What is expected: Transcribe the listing below exactly, without pictures.

Data shown:
== == ==
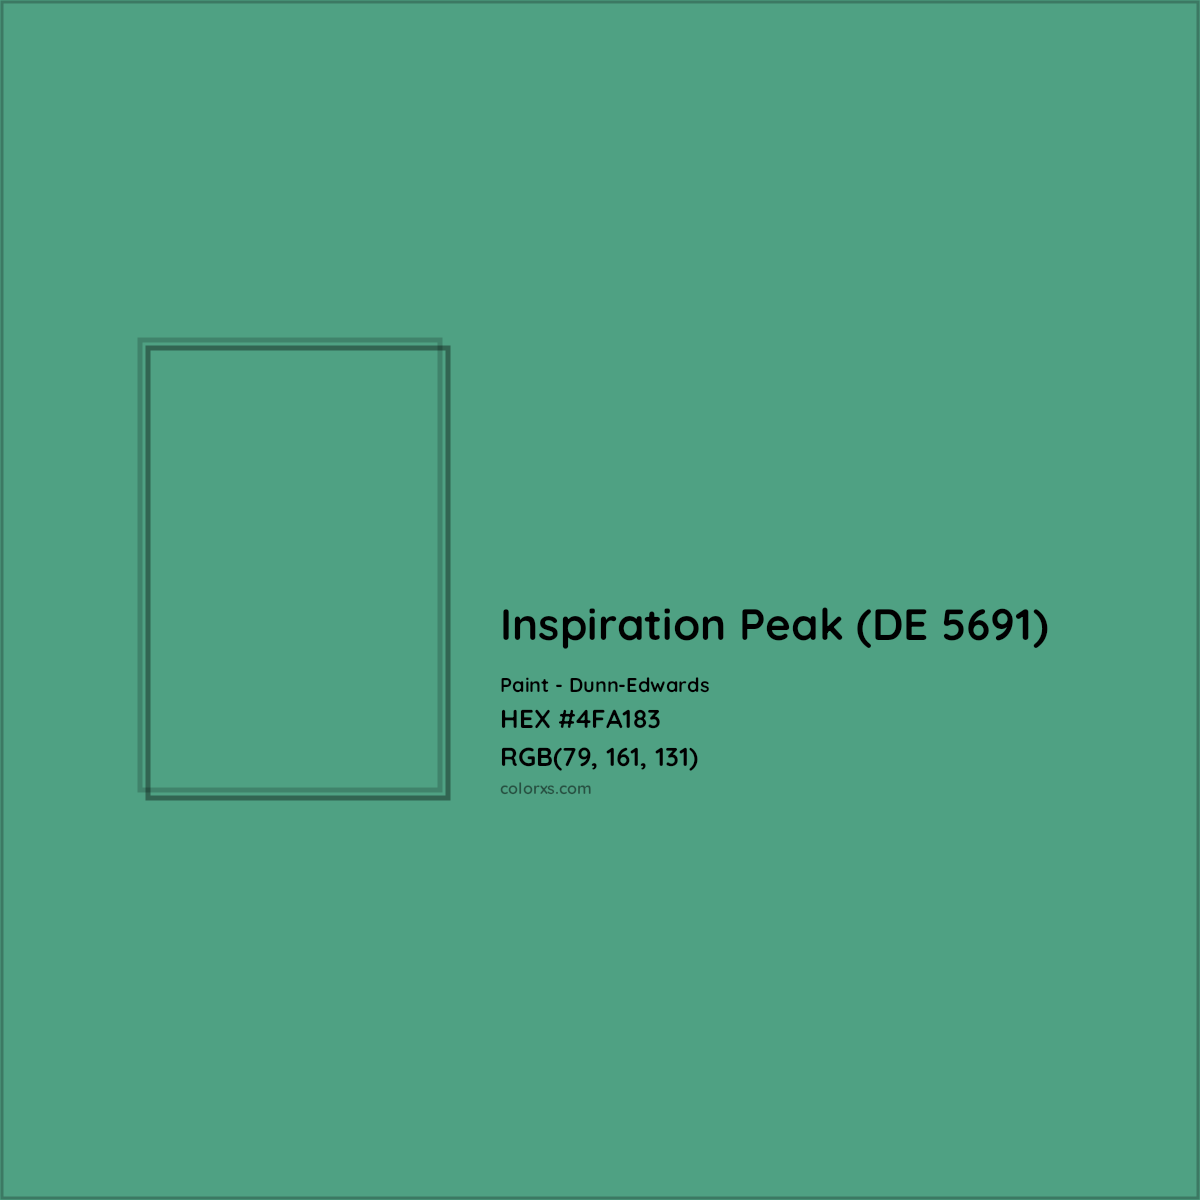 HEX #4FA183 Inspiration Peak (DE 5691) Paint Dunn-Edwards - Color Code
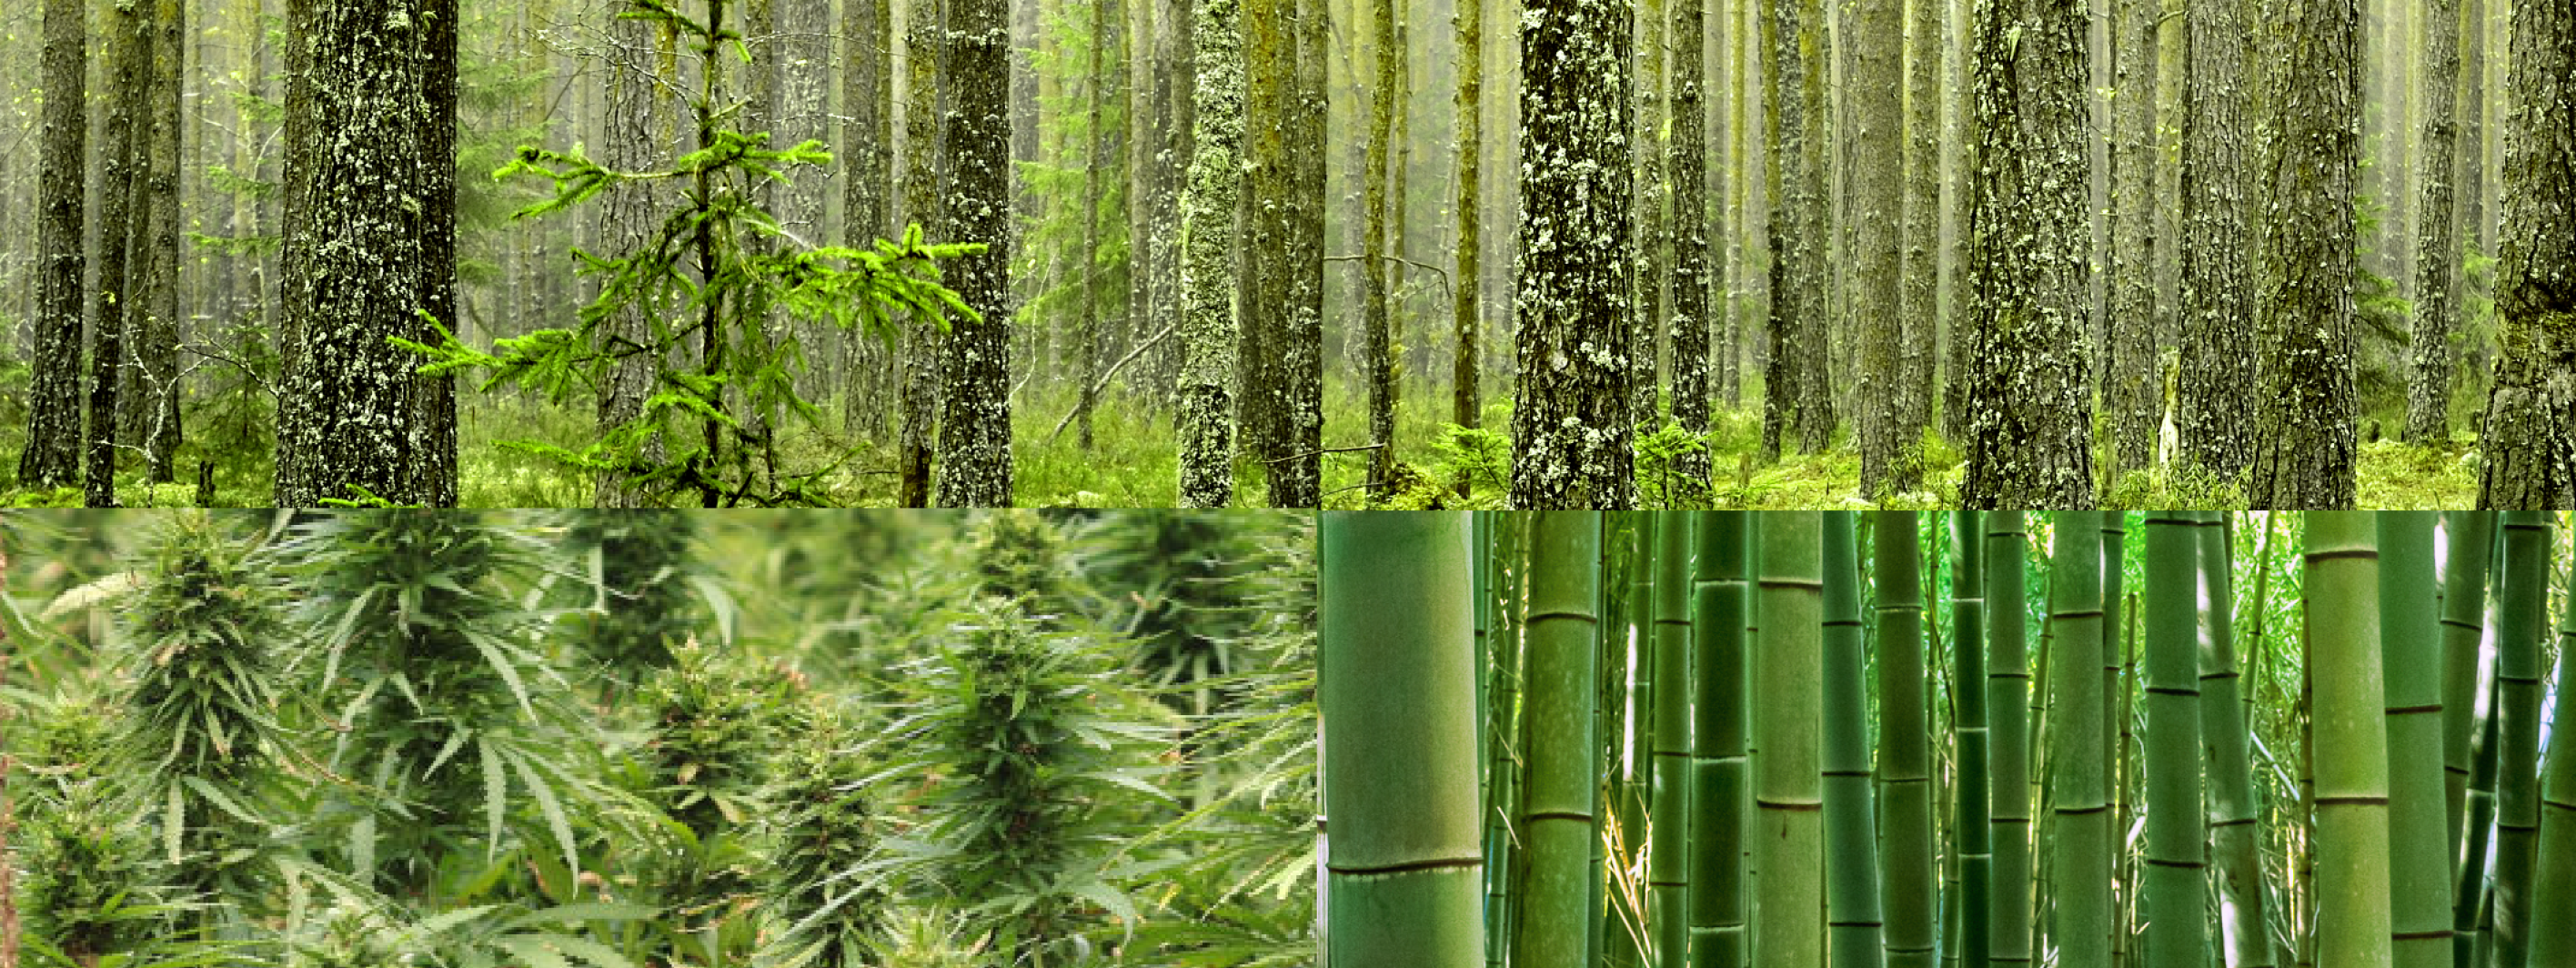 Bamboo, Hemp and Trees
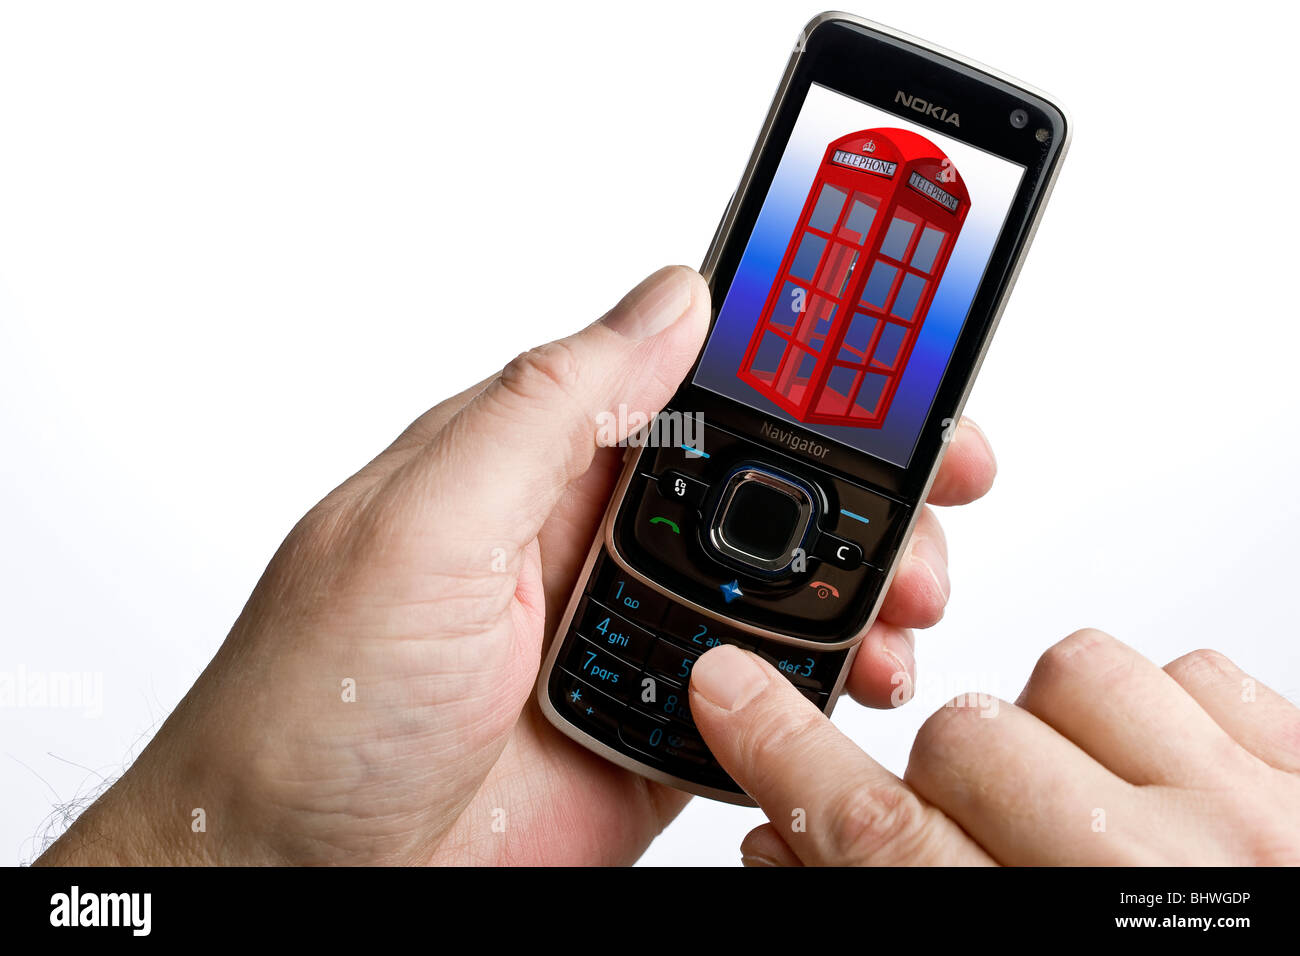 In prossimità di un telefono cellulare con un vecchio stile enlish telefono pubblico casella sullo schermo Foto Stock
== == ==
Answer section:
 HEX #4FA183 Inspiration Peak (DE 5691) Paint Dunn-Edwards - Color Code
 Bamboo, Hemp and Trees
 In prossimità di un telefono cellulare con un vecchio stile enlish telefono pubblico casella sullo schermo Foto Stock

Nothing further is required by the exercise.